Group concerned by draft Govt water plan

Waiau River at Rainbow Reach. Photo Supplied
Waiau River at Rainbow Reach. Photo Supplied
A Southland mother says her two children may never be able to swim in the Waiau River if the Government's draft National Policy Statement on Freshwater Management (NPSFM) is approved.

Waiau Rivercare Group member Clare Jordan said Meridian's Manapouri power station has not been included in the freshwater management plan.

She said as opposed to most hydro-schemes in the country, Meridian did not return the water to the Waiau River after generating power, but instead discharges it into Fiordland's Doubtful Sound.

"The Manapouri power scheme discharges some 500 cumecs from the Waiau into Deep Cove.
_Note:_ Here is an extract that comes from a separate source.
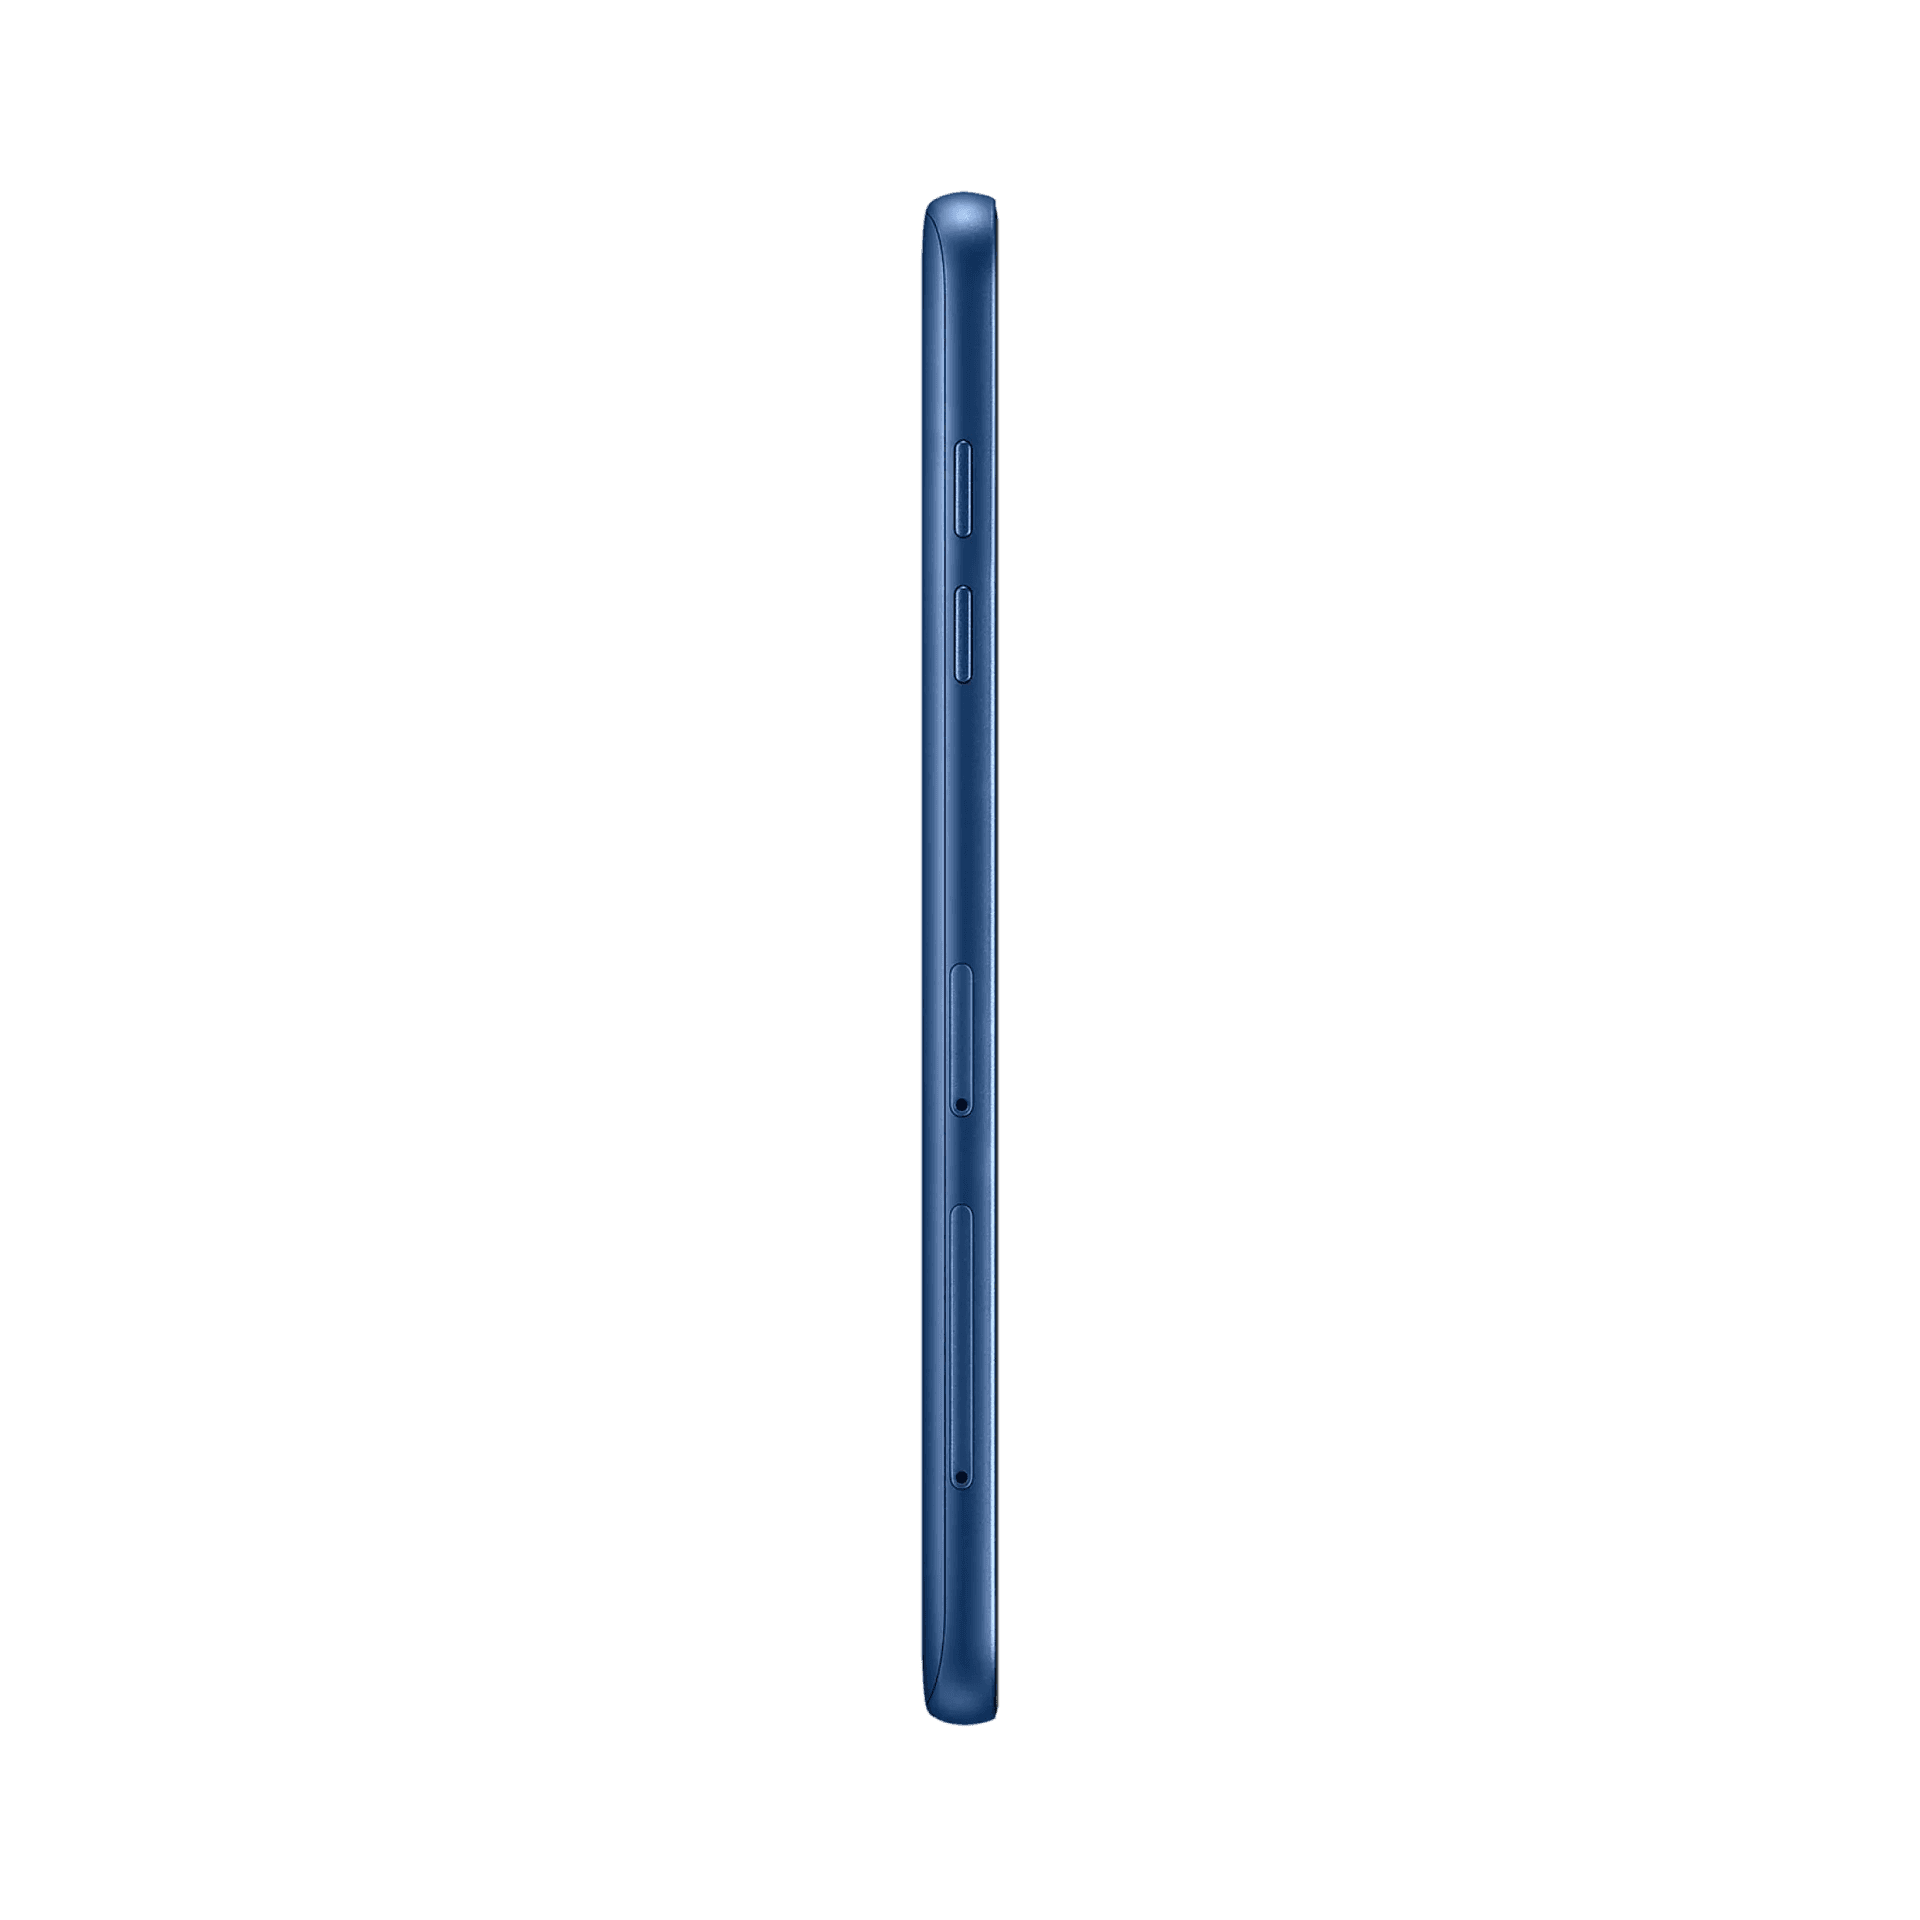 Samsung Galaxy J8 - 32 GB - Mavi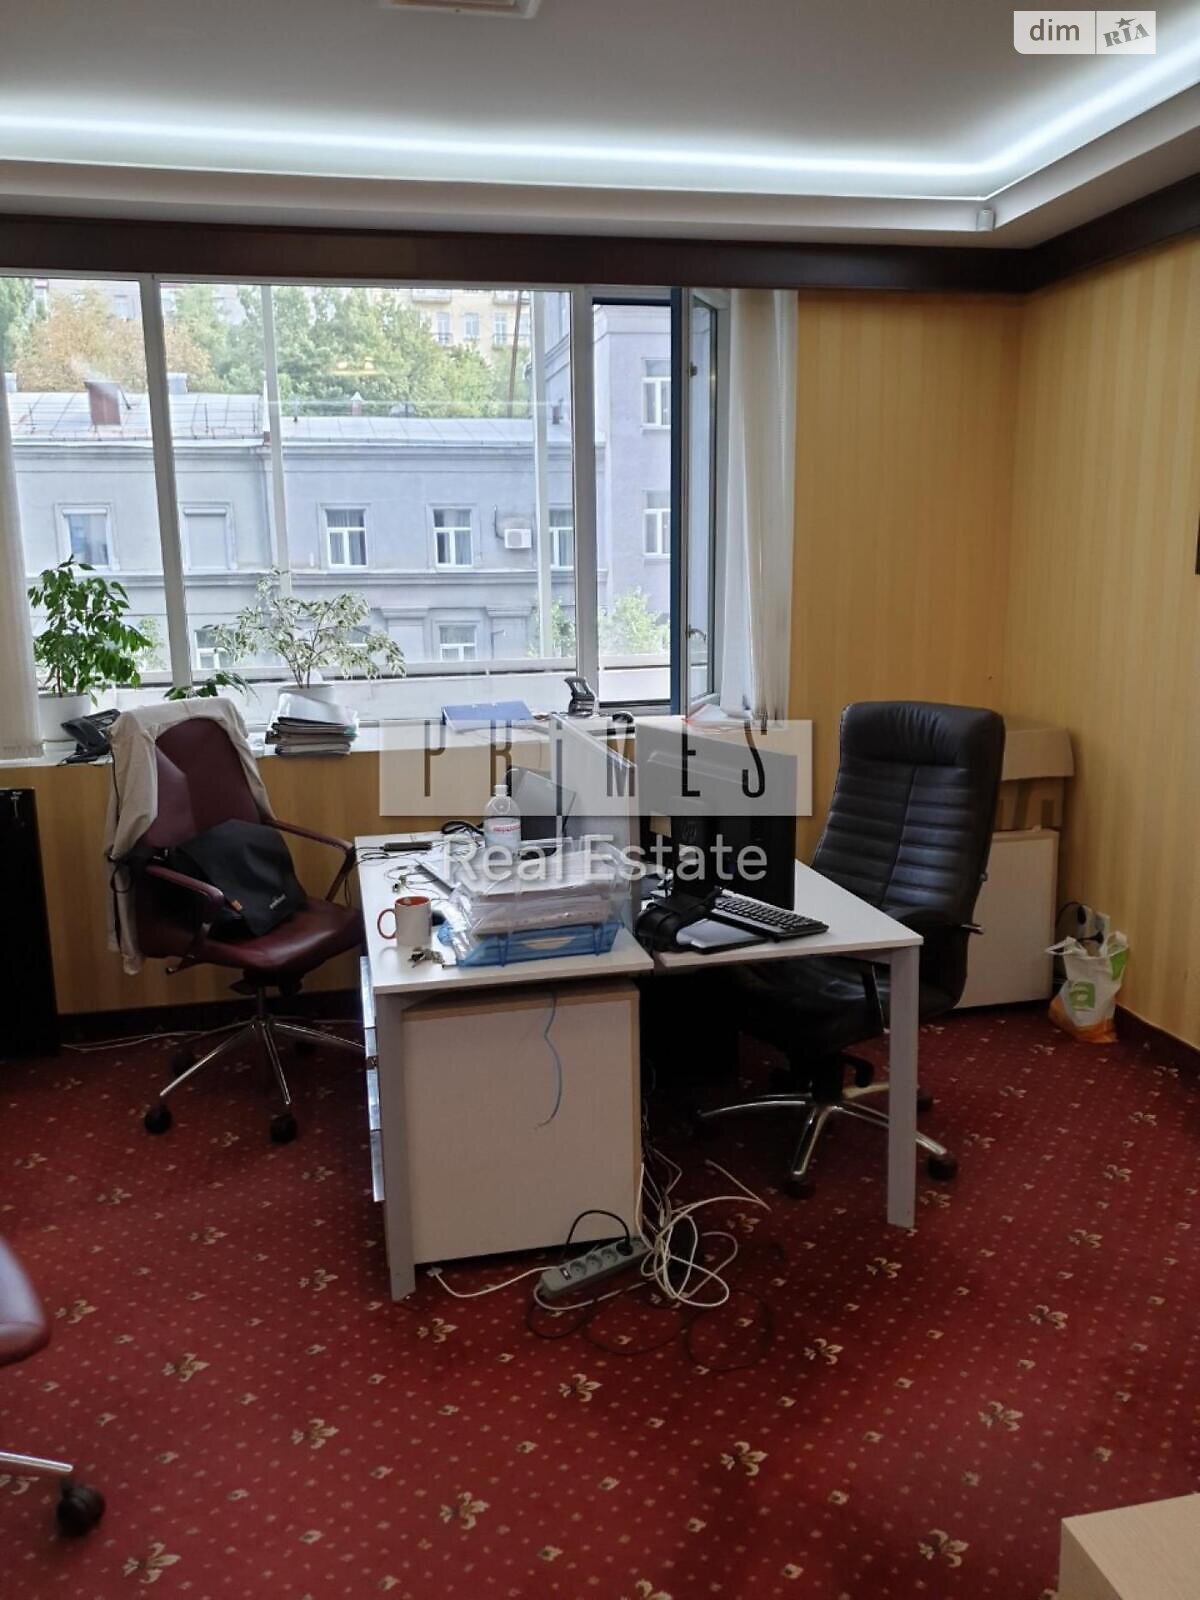 Аренда офисного помещения в Киеве, Шелковичная улица 42/44, помещений - 6, этаж - 5 фото 1

This is up to 95% of the Waiau River's flow and accounts for half of New Zealand's total freshwater use."

She said the group has been battling with Meridian through the Environment Court for the past two years to have the ecological health of the Waiau River given due consideration.

The environmental impacts on the river are massive, and the draft NPSFM puts even the minimum flows the Waiau River currently has at risk, she said.

"The community is now expected to shoulder the burden of mitigating the impact of the power scheme as best they can with just 5% of the river's original flow. That burden will fall on everyone in the catchment except Meridian."

The Ministry for the Environment held two public meetings about the proposed plan this week in Invercargill and Winton. Members of the Rivercare group attended to raise awareness of and talk to officials about the issue.

Ministry for the Environment water director Martin Workman said he was aware of the issues, and he appreciated the group's passion.

He said the MftE's advisory group also did not agree with the relevant parts of the draft.

"These are proposals that we are consulting on, and Ministry wants this [sort of] feedback to have all the information possible to be able to make their final decision ... We just want to make sure people know that the Ministry is listening."

A Meridian spokeswoman said the company was reviewing the Government's proposed Action Plan for Healthy Waterways.

She said Meridian supported the objective of improving waterway health, focusing on the priority issues.

"Hydro generation provides the majority of New Zealand's electricity ... Meridian adheres to all of our consent requirements and we take our obligations as a responsible generator very seriously."

Mrs Jordan said the community was committed to making positive change for the health to the river, but "we cannot do it alone."

"Our vision is a future where ecological health and hydro-generation co-exist in our catchment, but we can't achieve that if the rules don't apply to Meridian."

Turnout at the meetings was larger than expected, so another event will be promoted in the next few weeks.

Public submissions on the National Policy Statement closes on October 17.